Here is a listing. Write it all out again exactly, but not its pictures.

• [Exercise data]:
--*--
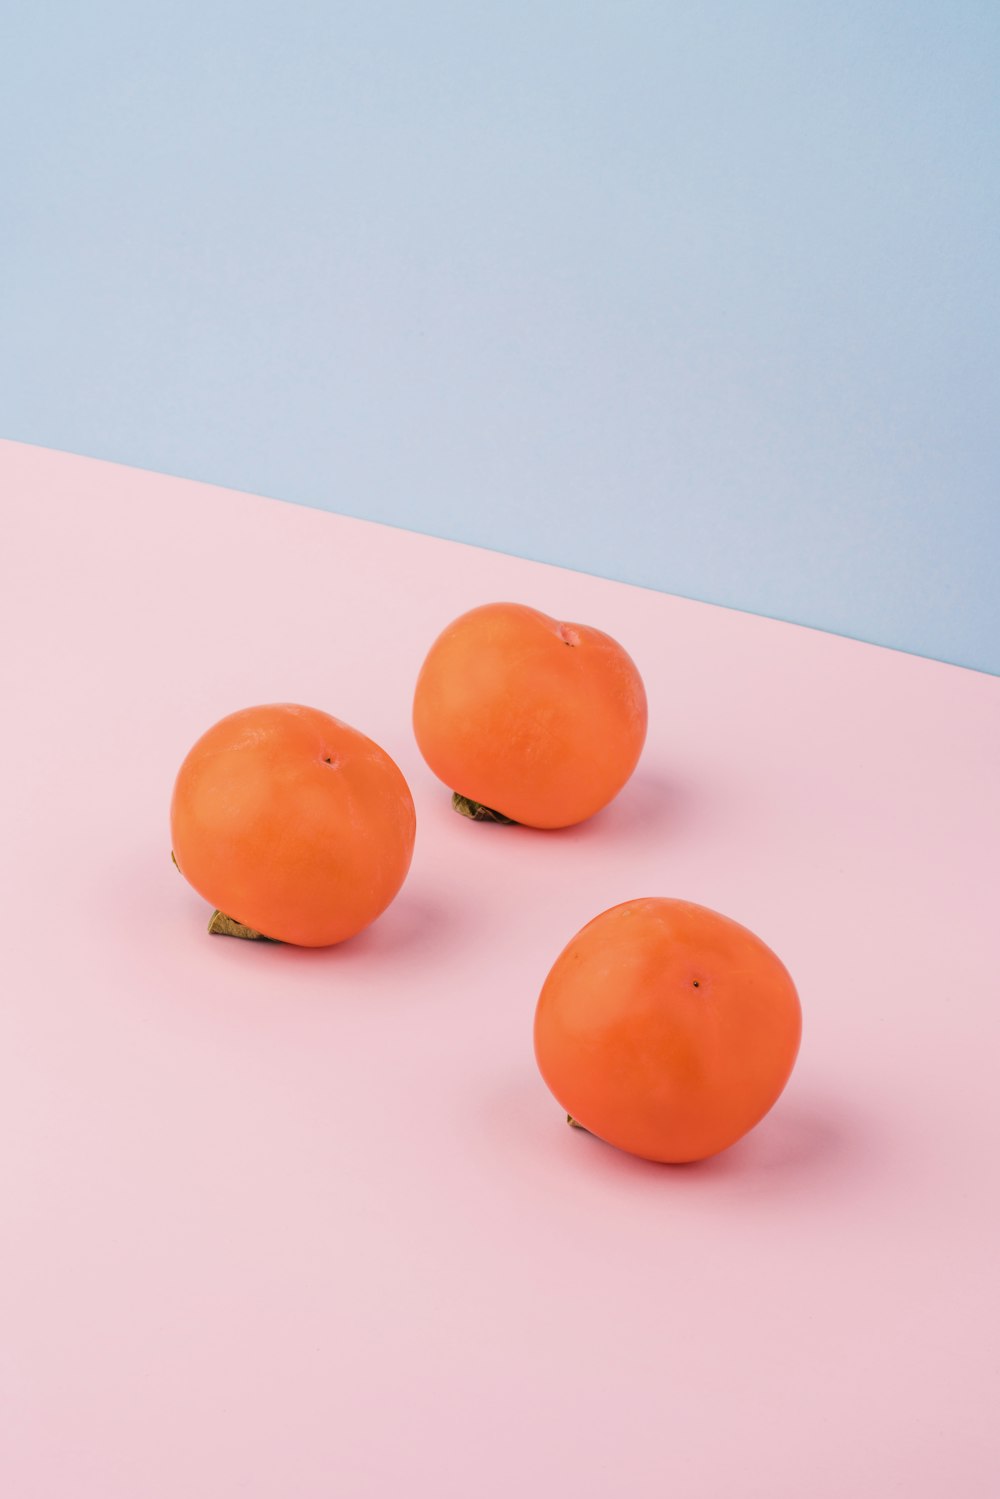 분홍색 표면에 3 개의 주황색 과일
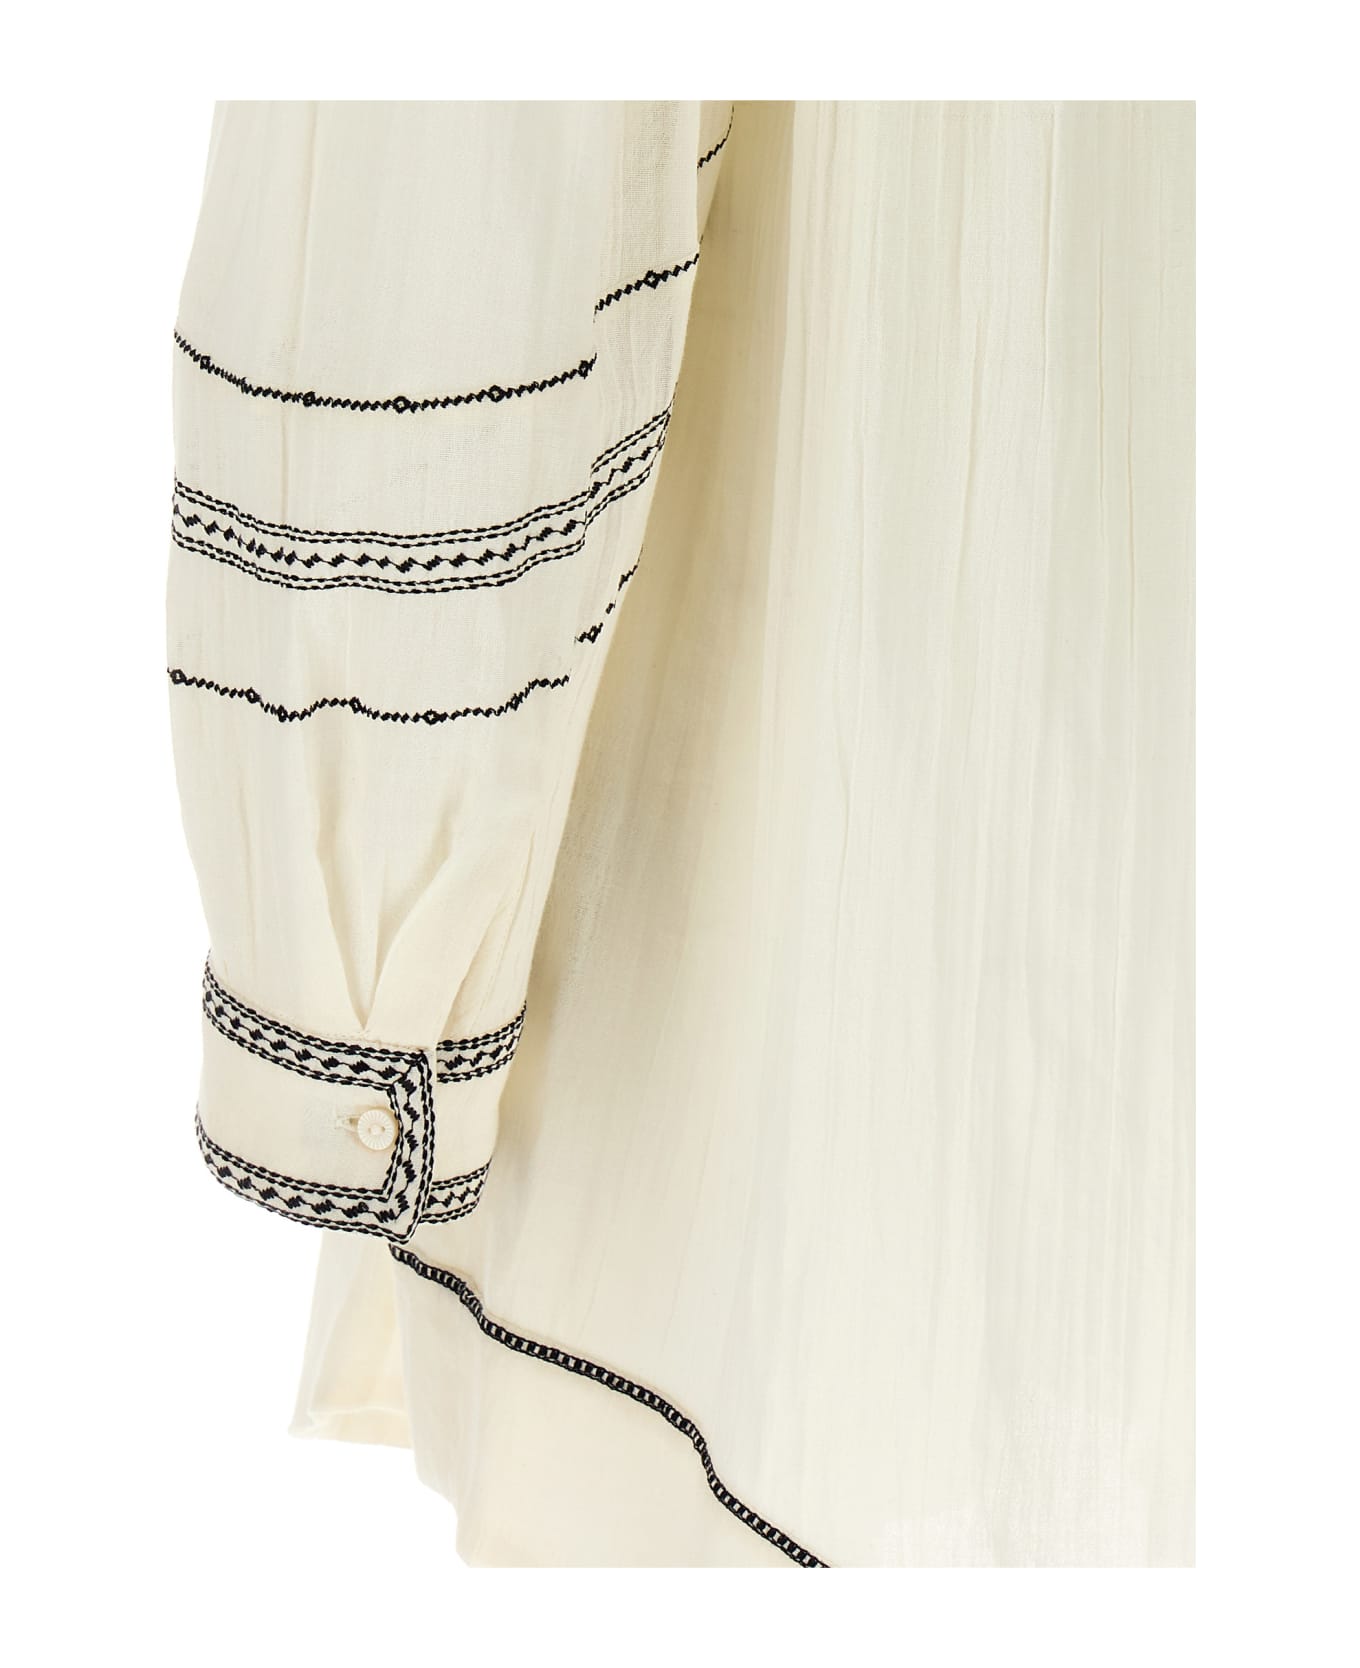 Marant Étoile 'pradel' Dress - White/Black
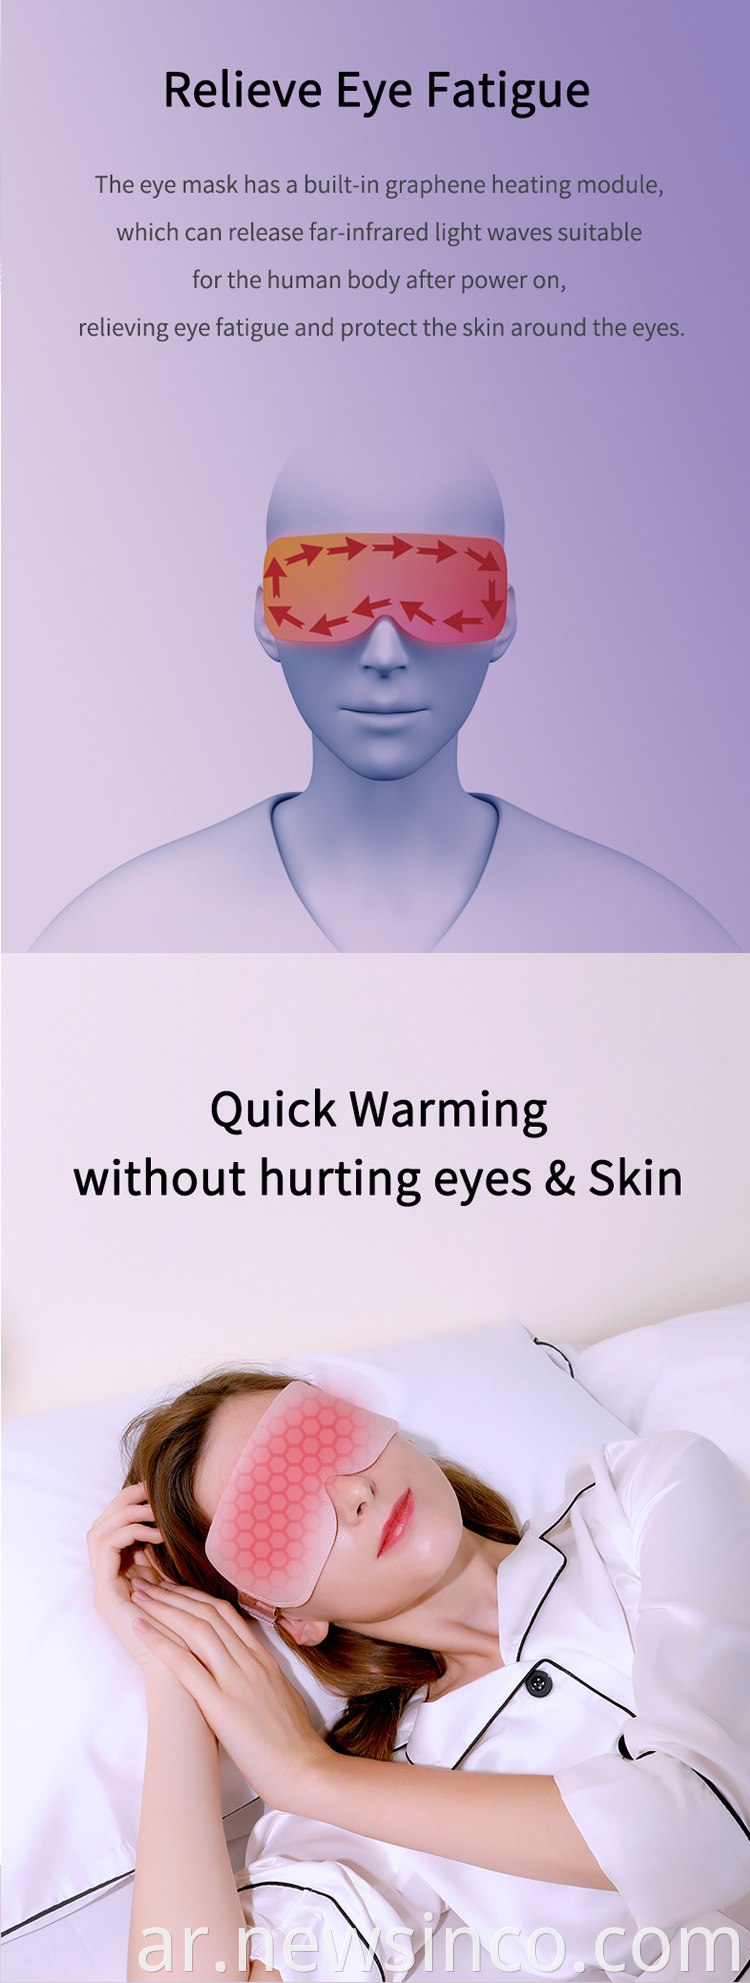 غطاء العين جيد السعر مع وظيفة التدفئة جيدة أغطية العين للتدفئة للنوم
--*--
• [Result of the exercise]:
 분홍색 표면에 3 개의 주황색 과일
 Marant Étoile 'pradel' Dress - White/Black
 غطاء العين جيد السعر مع وظيفة التدفئة جيدة أغطية العين للتدفئة للنوم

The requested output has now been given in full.